Elsewhere, category NPD has focused on more global flavours to add excitement and bring new consumers to the category. Take Pieminister’s Tikka to Ride onion bhaji-topped pie – set to roll out next month. Then there’s Mediterranean deli brand Unearthed’s September debut in savoury pastries. Both illustrate efforts by suppliers to attract younger consumers. Another part of the strategy is a focus on health and meat-free.
A raft of NPD for vegan and vegetarian diets has popped up over the past year– including Pukka’s Vegan Smoky Cheddar Flavour & Onion Bake, unveiled in November. It seems to be working. “We’re now seeing more younger shoppers and families attracted to the category,” Fisher says.
What’s more, suppliers are confident they can continue to attract new consumers in the cost of living crisis, as they turn to flexible and value-for money savoury pastry options.
While there have been price increases across the category, with volumes down 1.6% and value sales up 5.2%, that rate of increase lags behind many other products and categories.

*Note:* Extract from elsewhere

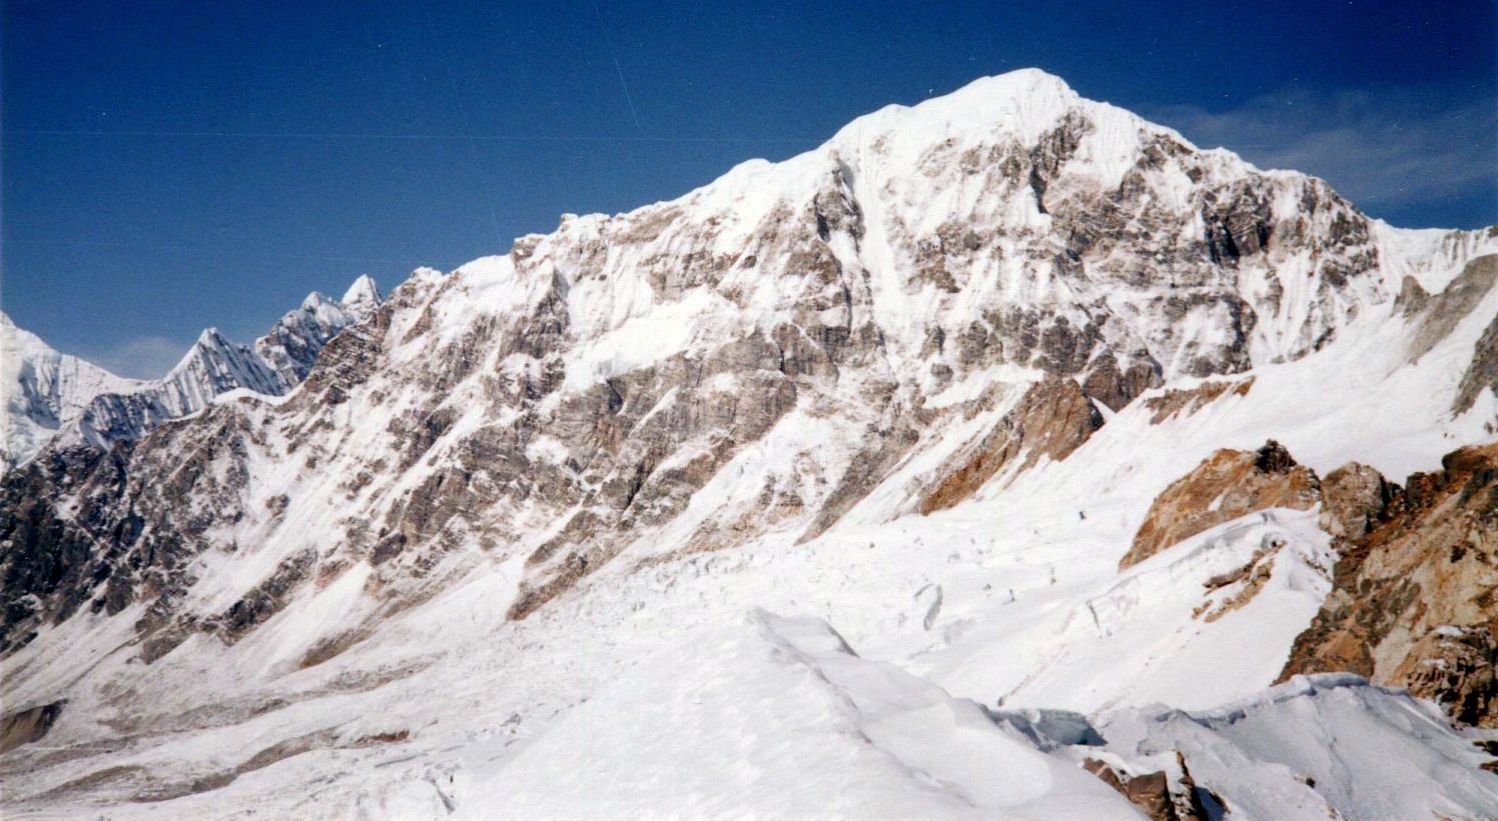 Mt.Langshisa Ri and Dome Blanc from Ganja La Base Camp

That’s despite savoury pastries’ exposure to energy costs, given the need for baking, and many of the raw ingredients seeing supply constraints and price hikes.

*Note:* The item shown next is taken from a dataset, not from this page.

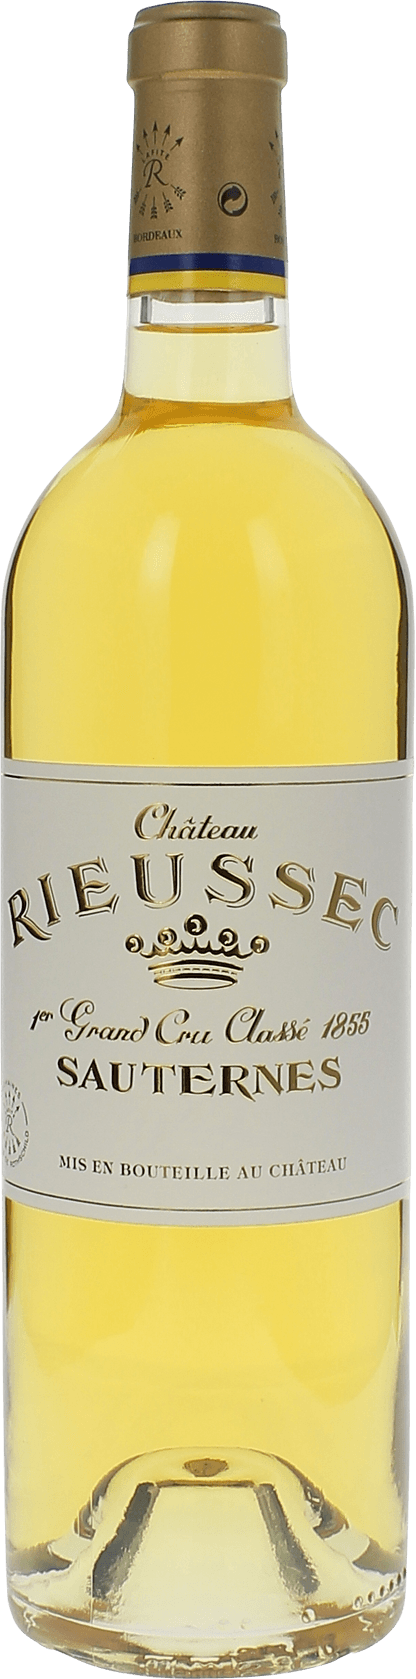 Rieussec 1985 1er cru Sauternes, Bordeaux blanc

“Pastry is great value for value-seeking shoppers looking for good, honest, excellent value-for-money options that don’t sacrifice on quality,” Compleat’s Manley says.
And value brands may not be the only ones to benefit. The tightening of consumer belts could, counterintuitively, play into the hands of premium lines, Higgidy suggests. It believes the cost of living crisis could reignite Covid behaviours and see more “at-home meals and more eating together as a family”.
Mitchell at Ginsters sums up his confidence in the category for 2023. “In times of economic uncertainty, consumers seek reassurance and comfort, and we are well placed to meet this need… British consumers will look to trusted brands who offer great value for money,” he says.
“We continue to offer an affordable meal, particularly when contextualised against other categories, such as sandwiches and ready meals,” Mitchell adds.
Pukka’s Fisher is similarly upbeat. Again, he points to its frozen range as a timely innovation, as consumers look to reduce waste and buy in larger volumes.
“There’s no question that savoury pastries will play a particularly key role in shoppers’ repertoires over the next year or so, offering recession affordability,” he concludes.
“And the best thing is that this is just the start. We’re really just scratching the surface of what is possible.”
It looks like it will take more than a recession to make this category eat humble pie.
Top Launch 2022
Meatball Marinara Bake - Ginsters
Ginsters continued its push into global flavours, with the launch of its Meatball Marinara bake in May – adding to its move into bakes with flavours including Mac & Cheese and Harissa Spiced Chicken last year. The latest offering – aimed at the lunch market - contains 100% British pork and beef meatballs with melted mozzarella retailing at a palatable £1. Launched exclusively in Tesco as a limited edition, it further widened the appeal of its bake range, with 60% of buyers being family shoppers compared to 43% for bakes generally. Following its success so far, the SKU will be rolled out nationally in 2023.
The savoury pastries category could soon face a celebrity challenger. Tom Kerridge applied in March to register the names ‘Humble Pie’ and ‘The Humble Pie by Tom Kerridge’ with the IPO – under class 29, covering meat, and class 30, accounting for pies. Kerridge, who owns the Michelin-starred Hand & Flowers pub in Marlow, confirmed his plan to The Grocer. “It’s very early days, but it’s exciting,” he said. “So, watch this space.”